Thanksgiving? Nein, danke! Angelina Jolie (35) hat keine Lust, sich dieser jährlichen Tradition anzuschließen, bei der man Dankbarkeit heuchelt, Tiere schlachtet und die Gräueltaten der Vergangenheit vergisst.

Ein Freund von Angie und ihrem Liebsten Brad Pitt (46) verriet PopEater: „Angelina hasst diesen Feiertag und will nichts damit zu tun haben, die amerikanische Geschichte neu zu erfinden, so wie es viele Amerikaner tun.“ Damit spielt sie auf die Tatsache an, dass bei der Besiedlung Amerikas durch die Pilger das indianische Volk nahezu ausgerottet worden war. Diebstahl, Mord und Fremdenfeindlichkeit würden also mit diesem Feiertag noch zelebriert. „Sie will ihrer Multi-Kulti-Familie nicht beibringen, Mord gutzuheißen. Deshalb wird sie diese Woche mit Brad und den Kindern nicht in den Staaten sein, um Thanksgiving zu entgehen.“

Prinzipiell hat sie damit natürlich Recht; trotzdem hat der Feiertag für viele Amerikaner noch eine weitere, viel wichtigere Bedeutung, nämlich sich bei den Liebsten und für das Gute im Leben zu bedanken ...
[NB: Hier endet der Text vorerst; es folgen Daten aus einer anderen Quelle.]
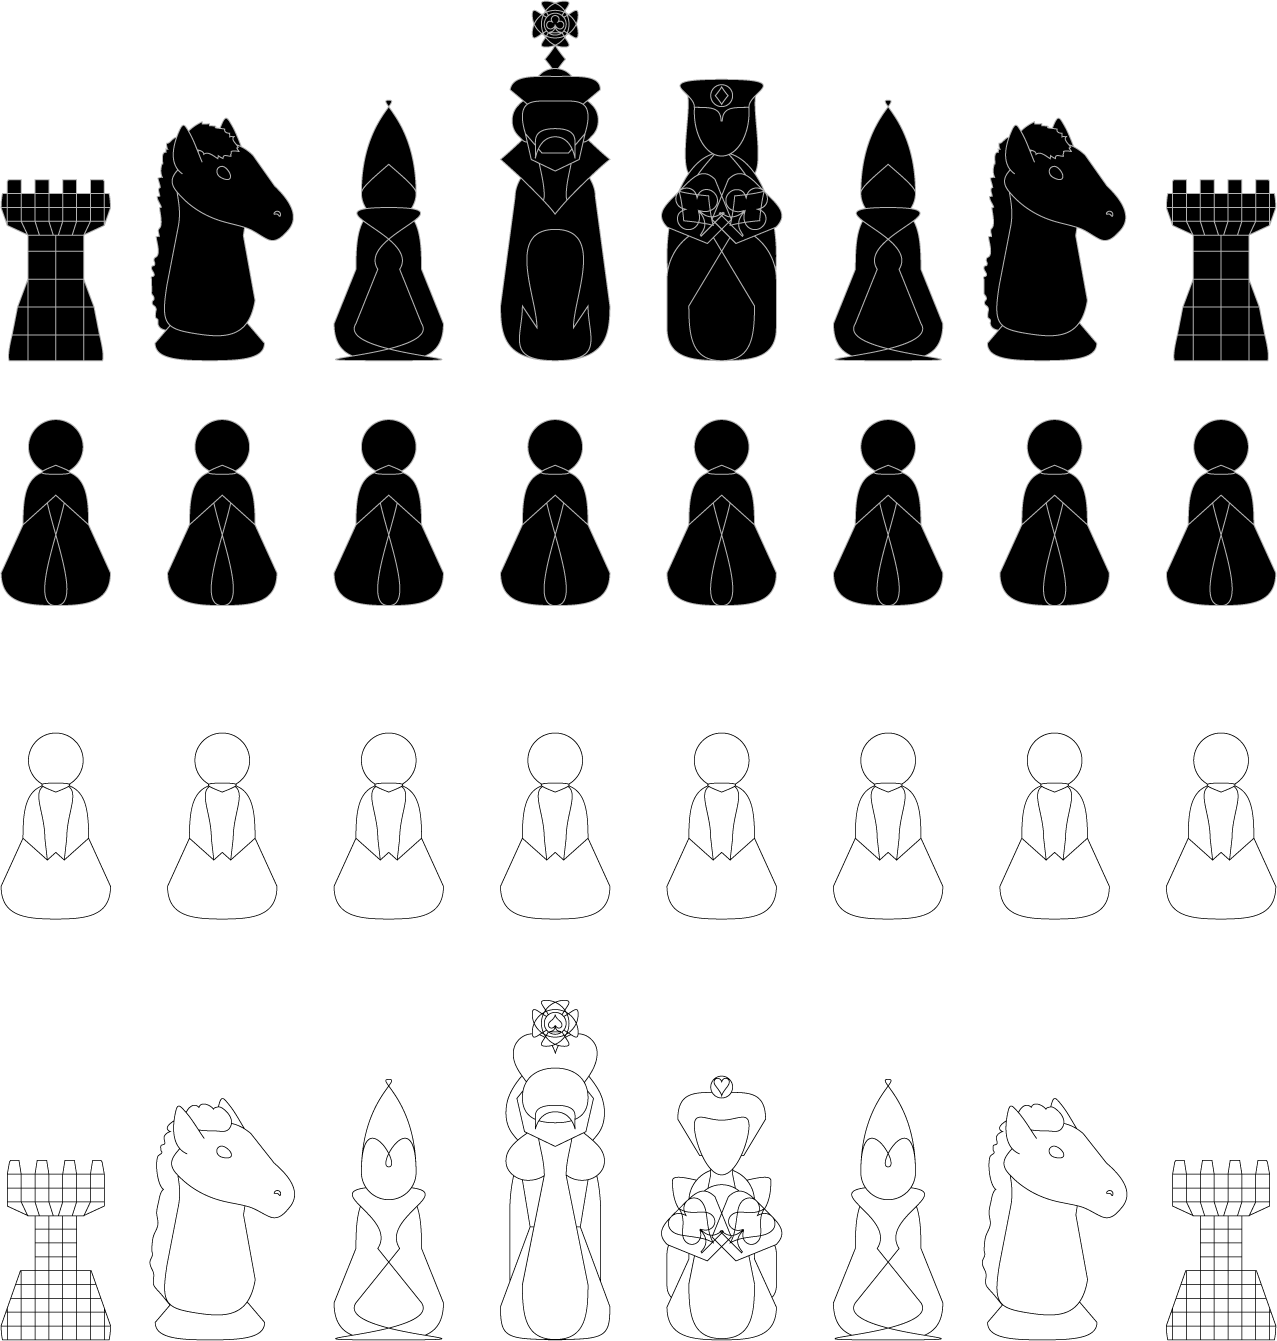 Piezas de ajedrez PNG by nayareth on DeviantArt

*und solche Werte kann man seiner Familie 
doch durchaus zumuten, oder? 
Gruss Gollum*


----------



## Q (26 Nov. 2010)

vielleicht etwas zu überfrachtet diese ideologische Betrachtung des Festes. Interessante Einblicke Gollum :thumbup:


----------



## Chamser81 (26 Nov. 2010)

Man kann es auch mit dieser "politischen Korrektheit" übertreiben!


----------



## krawutz (27 Nov. 2010)

Ich hasse diesen Tag auch. Deswegen fahre ich in diesem Jahr, wie auch schon in allen Jahren zuvor, nicht nach Amerika.


----------



## Yzer76 (27 Dez. 2010)

Dann landet der Truthahn eben nicht im Ofen und die Tierschützer können sich freuen


----------